You say, “If minority preferences were intended to help poor blacks and Indians get a leg up, then limit it to that…” I agree totally (if we also include women) but I confess to being utterly stumped by how we narrow the focus to the discrimination that remains without also reintroducing it where it’s been effectively suppressed. I do know that for such an effort to succeed, we would need far better conversations than we’re getting now. This is in no way meant to criticize anything you’ve said so far, which I think is a good start toward just such a conversation.
I live in Vermont, probably the whitest state in the nation and as such my experience is often dismissed on these pages. You may be interested to know however that for the past 8 years our small but growing firm was majority owned by an LA based venture capital outfit – a baby Bain – the founder and managing partner of which, the guy we had to keep happy every month, was black and born and raised in Little Rock. Of course he in turn had to keep the limited partner fund managers at CalPERS, Credit Suisse and others happy. I suspect they were when we recently sold to a bigger corporation – as of course was our managing partner when he realized his carried interest.

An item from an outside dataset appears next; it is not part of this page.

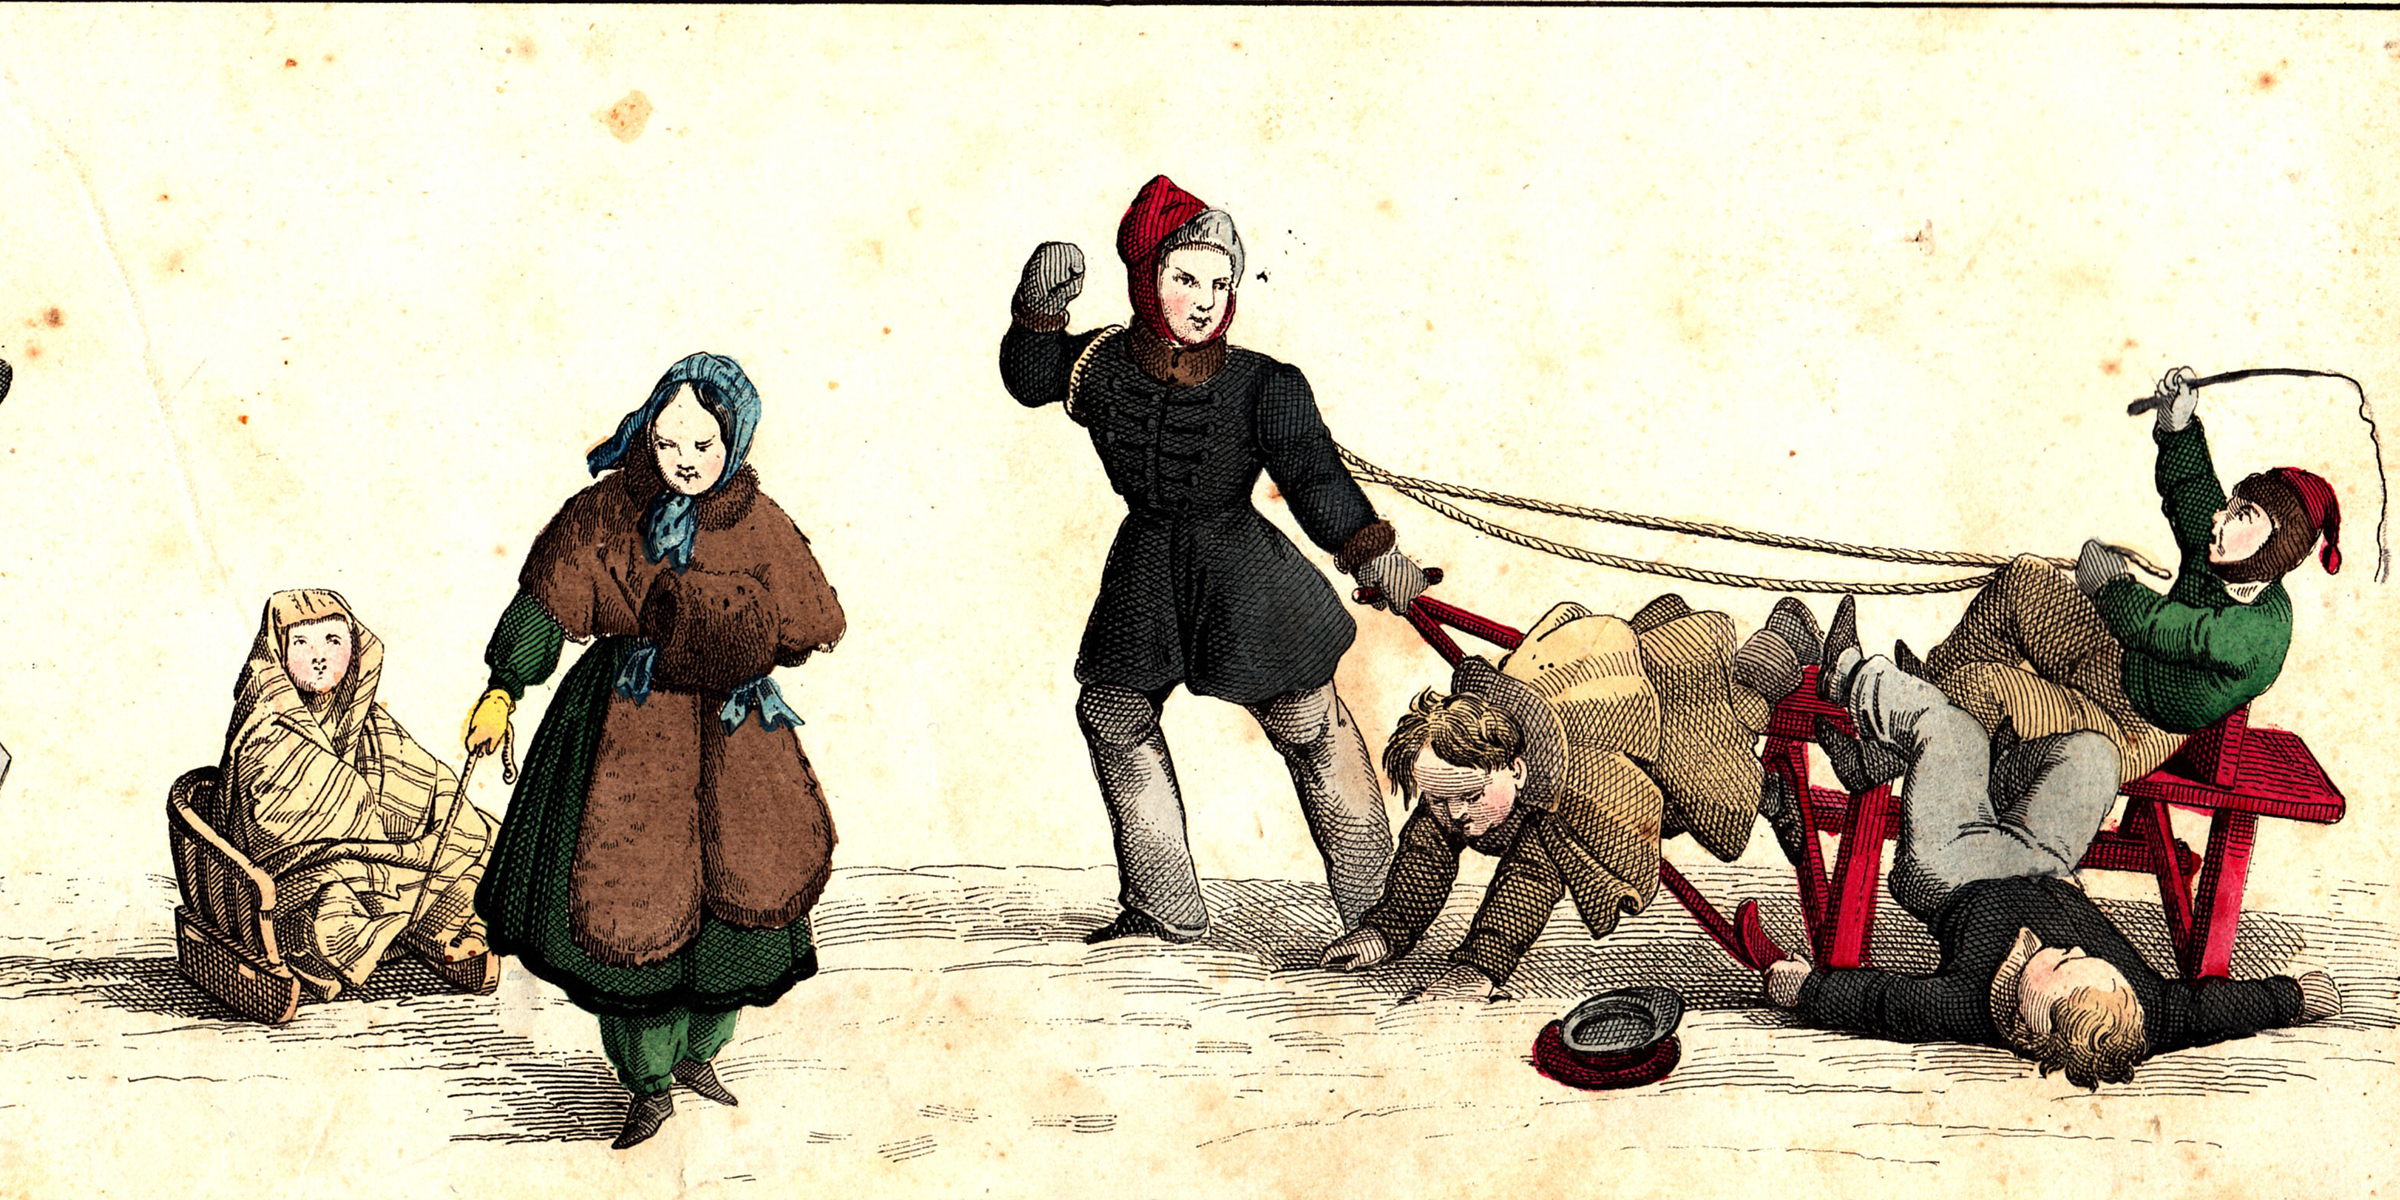 Illustration of people on sledges from a German children’s book, c. 1850. Archive of the author.

I agree but how many successful companies still operate that way Natasha? For sure I bump into small family subcontract firms that do on, for example, Long Island and in New Jersey, but in today’s global economy they are being forced to the wall by more meritorious and less nepotistic competition.
Off topic – sort of – but if you like wry
Totally off topic – need to get Kevin to do a piece on the SpaceX Dragon and its significance – or not.
Expat -
Just saw that on the news tonight about the Space X Dragon.
Oooooh!!!!
Pencils!
Squirrel loves pencils. Maybe I could start an ‘artisanal pencil-sharpening service’ here? Hadn’t thought of it, but a friend always calls on me to sharpen hers. (Squirrel having been very scathing about mechanical pencil sharpeners; has always used a sharp penknife from childhood.) She was, years ago, very surprised to see Sq. fish out a whole box of everything from 2H to 4B when asked to draw something for her. Seems she had never known that there was much more to life with a pencil than a mere HB. Can’t see her forking out a tenner, though.
And what’s this with concentrating just on a sharp point? Squirrel has drawing pencils with points and spade-shaped ends, there’s more to a pencil than just a sharp pointy end asa well!!!! And we’ll say nothing about that very uneven, untidy, ‘collar’ of that pencil in the video. Very poor work for $15, Squirrel thinks.
(Sq’s love of pencils may be genetic. Squirrel ancestors on mum’s side came from Cumbria, where the shepherds first spotted graphite and used it for marking their sheep. They still make pencils there, but they’re not easy to find down here; it’s all Staedltler or, more recently, Faber-Castell.)
Er. . .sorry. Bad attack of Squirrel enthusiasm.
Squirrel,
Have you been to the pencil museum in Keswick? Lots of fun!
And to everyone else, esp tdog & nat – excellent, thoughtful discussion. Thanks.